We didn’t make it to the Power Team show. The big kids were very disappointed, but they [wisely] sensed that it wouldn’t be to their advantage to whine about it. Ry finally confessed to the incident, though Ri was an accomplice. The Preschool Pandemonium Pair thought it would be funny to plug the sink and watch it fill up, *sigh.

When I grow up …

I thought I would share some snippets of conversations that I’ve had with a few of the boys in recent days about what they want to be when they grow up:

Ri: ” I want to fly a plane – no, a jet – and it’s gonna have fire-flames on it. And it’ll go ‘zooooom!'”

Ry: “Well, I’m not gonna have a jet. I’ll have a – What is it when you fly into space? – [My response: “A rocketship?”] – Yeah, a rocket, and I’m gonna fly to Mercury. [My response: “I hope it’s a really thick rocket, b/c Mercury is REALLY hot!”]

Ri: “I don’t want to marry when I grow up.”

Ry: “I do want to marry when I grow up. My mommy [his wife] and I will live in California, and you’ll have to fly on a plane to visit me, Mommy, cuz I’ll be far away.”

A: “I’m going to be a chocolate scientist and live in Hershey, Pennsylvania.
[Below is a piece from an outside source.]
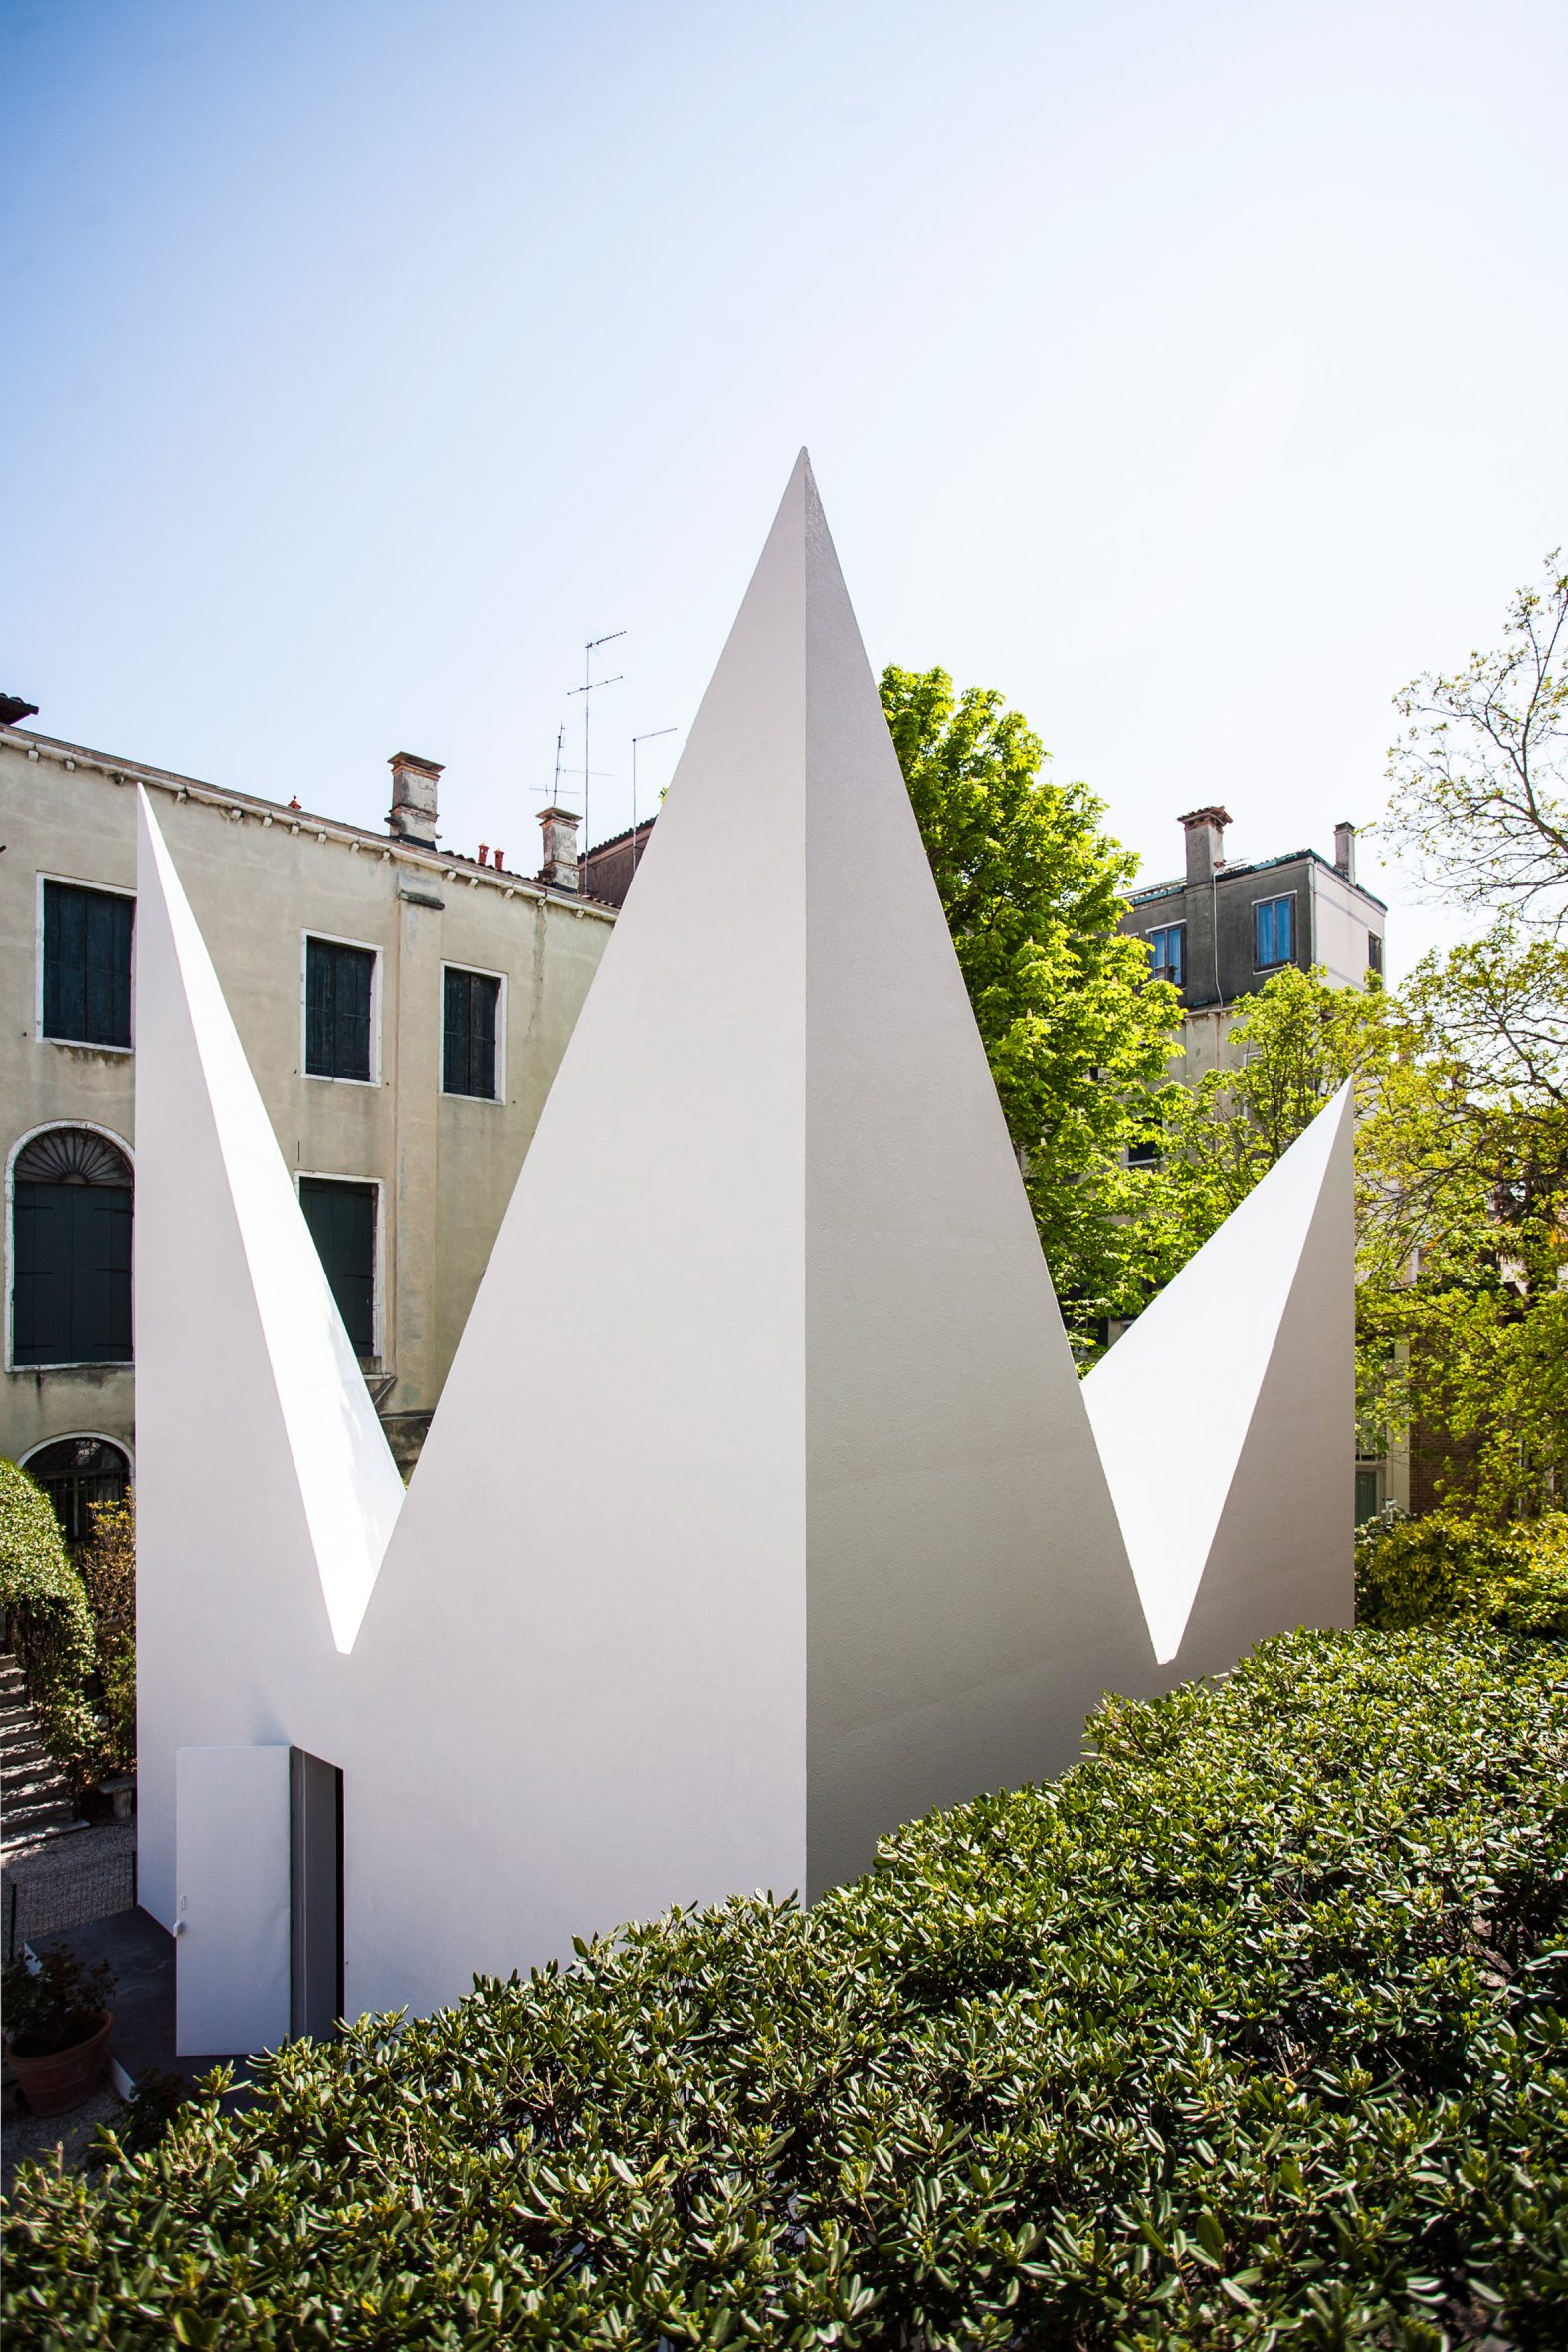 Paper-clad pavilion by Stefano Boeri Architetti

I’m going to discover new flavors of chocolate. I’m going to build a house totally out of Legos and all the furniture and everything will be made out of Legos.”

If I only had courage

I follow a few publishers & literary agents on Twitter, and I love reading their comments. They often write snarky quips about what not to do. Some of the warnings are so blatantly ridiculous, it gives me hope that maybe my pipedream isn’t so far-fetched, after all.  I should build up my courage to submit another query.

Rejection sucks, but if I don’t submit, I’ll never get published!